= Embranthiri =

Malayali Brahmin subcaste

The Embrandiri (Malayalam: എമ്പ്രാന്തിരി), also transliterated as Embranthiri, are a Malayali Brahmin subcaste.

Some sects of Embranthiris have adopted the Malayali Brahmin surnames "Namboothiri" and "Potti" after arriving in Kerala. There are followers of Vaishnavism as well as Shaivism among Embranthiris and because of their Vaishnava Dharmaserve in Vishnu temples and Krishna temples. Some of them are also practitioners of yagams and other Vedic Srauta rituals.

==History==
In the 8th century AD, as per the request from King Udayavarma Raja of Kolathunaad (a small ancient kingdom in north Kerala), King Mayooravarman of Gokarnam sent 237 Tulu Brahmanan families to Kolathunaad. These family members performed "Hiranyagarbha" and converted themselves into Malayala Brahmanans. They had settled in Arathil, Cheruthaazham, Pilathara and Chirakkal. All these places are in and around one of the strongest Namboothiri Graamams (villages) of those days, Perinchelloor (near today's Taliparamba in Kannur district in north Kerala). These Brahmanas are both Shaivite and Vaishnavite in orientation and place emphasis on performing Yajnas like the Namboodiris and speak Malayalam exclusively.
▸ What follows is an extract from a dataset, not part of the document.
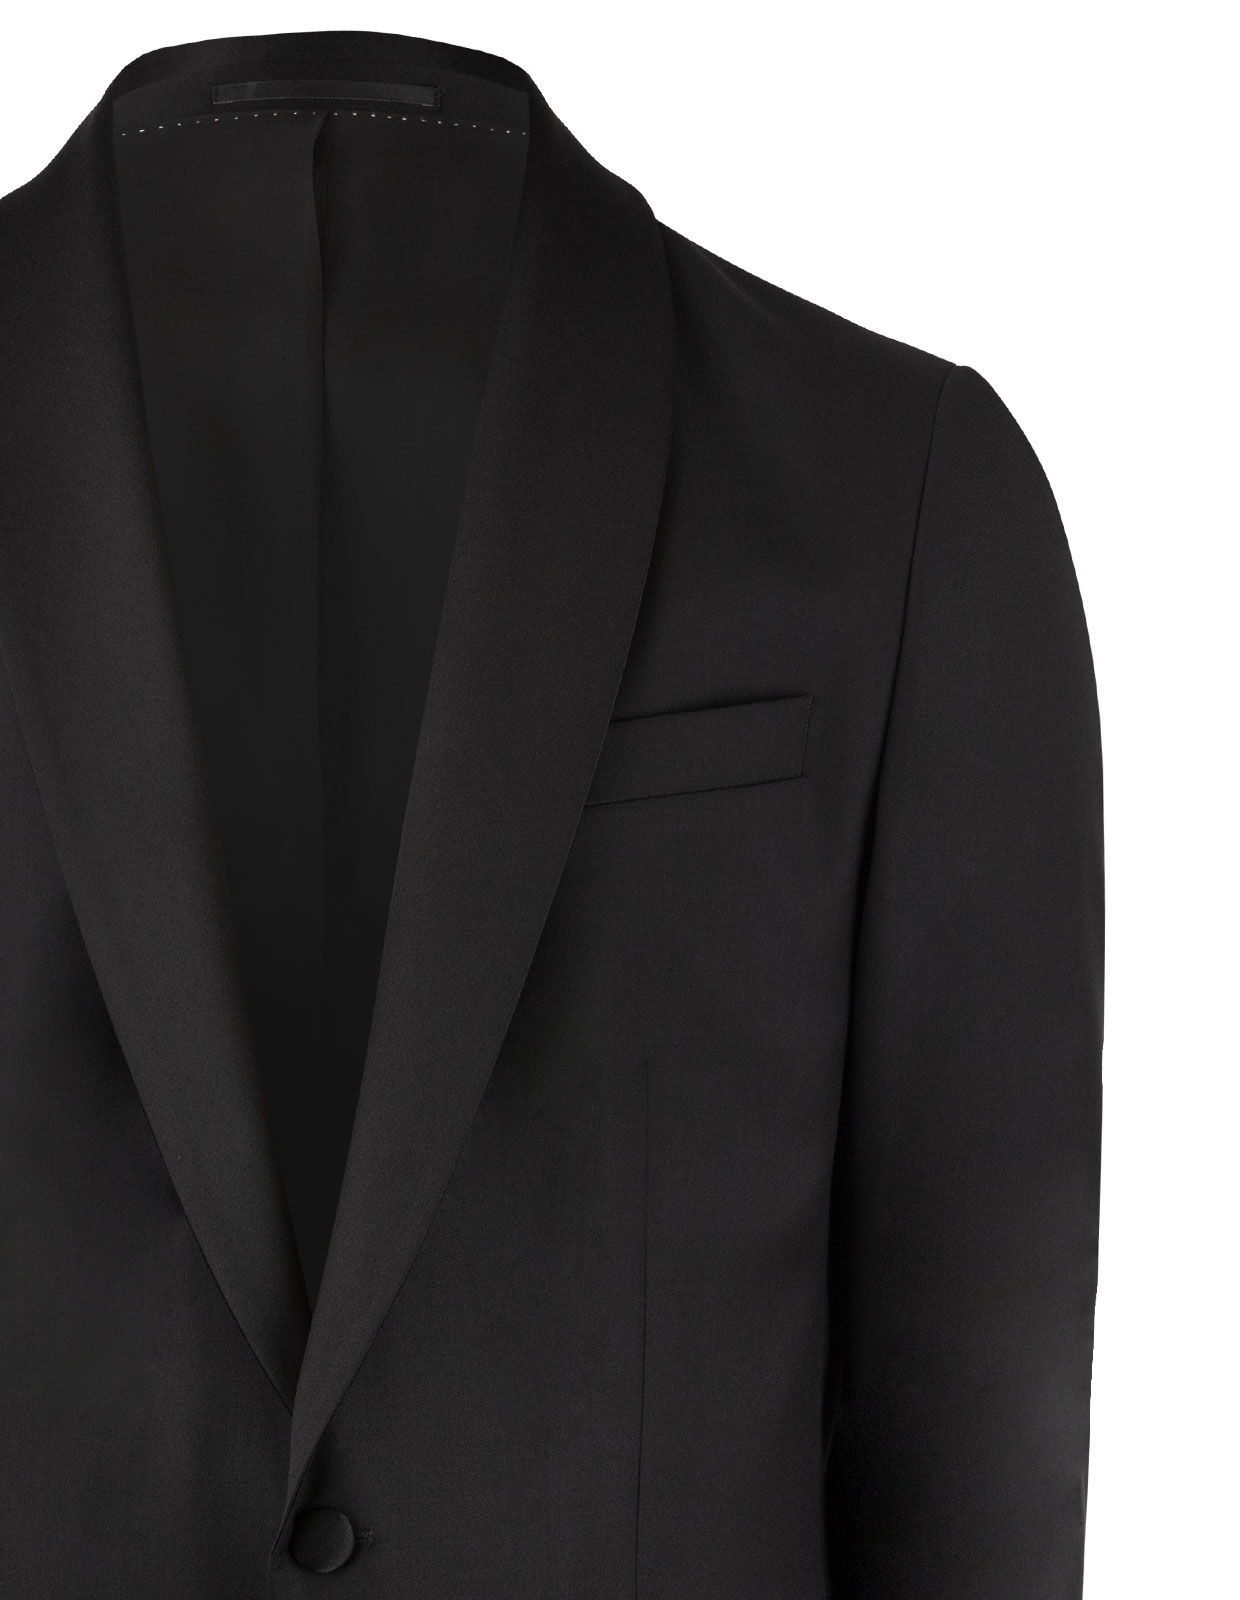 Tuxedo Shawl Jacket Mix & Match Black
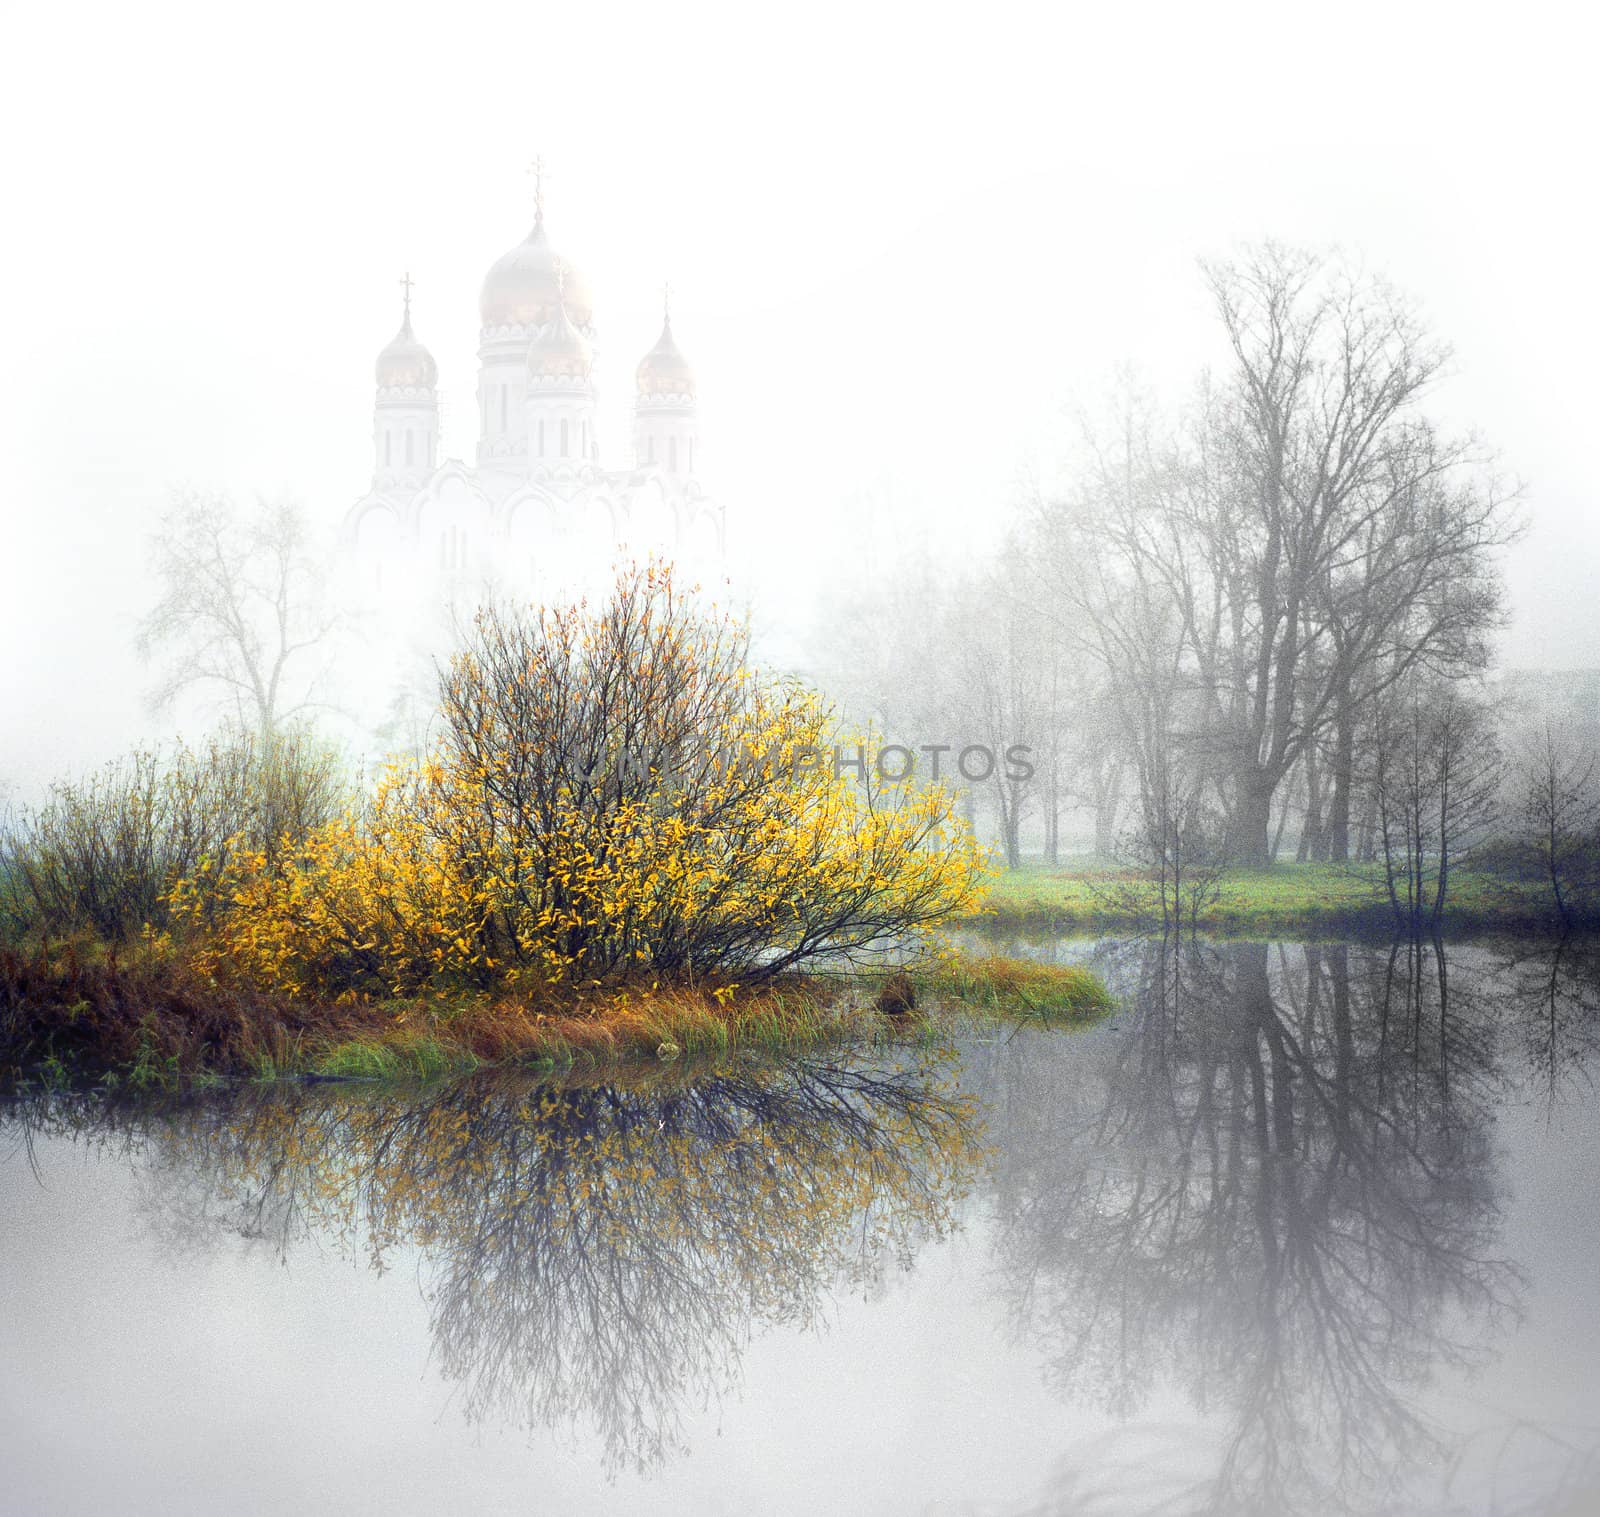 Church on the river by oleg_zhukov

Later, 257 Tulu Brahmanan families also migrated to these areas. In Kerala, the former 237 families are known as "Saagara" Brahmanans, and the latter 257 families "Samudra" Brahmanans. These groups are generally known by the name Embranthiris. All are Yajurvedis (Boudhaayanan), and most of them follow the vaidika mimamsa philosophy of the Namboothiris. All of these Brahmins speak in Malayalam and also align their practices with those of the Namboothiris. These Samudra Brahmins were however seen as distinct from the Saagara Brahmins by the Namboodiris and had to live and dine separately

Later, more Tulu Brahmanans migrated to Kerala but they neither converted themselves to Namboothiris nor removed Tulu culture from their daily life. Some of these later Brahmins were also followers of the philosophy of Madhvacharya. These Brahmins were not considered Embrans and they still speak Tulu at home. Some of them later migrated back to their motherland.

== Present day ==
Due to a shortage of Temple priests in Travancore (Thiruvithankoor, south Kerala), their king brought 143 of the initial (237 + 257) Embranthiri families to Thiruvalla (a place still existing near Kottayam in south Kerala). Most of the families moved to South Kerala because the culture and tradition of Kerala Brahmins (Namboothiri) is very much close enough to their culture. They moved to several places in Kerala and founded Madams as their home. Later they used Madam as their family name.

== Philosophy ==
Most early Malayalam-speaking Embrandiris are followers of only the Smarta-Srauta Karmas prescribed to a Brahmin and do not align with any school of thought. Some like the Namboothiris can be classified as following Theistic Mimamsa. Later Brahmins who migrated from Tulunadu into Kerala have large segments of the followers of Dvaita Vedanta of Madhvacharya among them, and are ardent devotees of Lord Vishnu.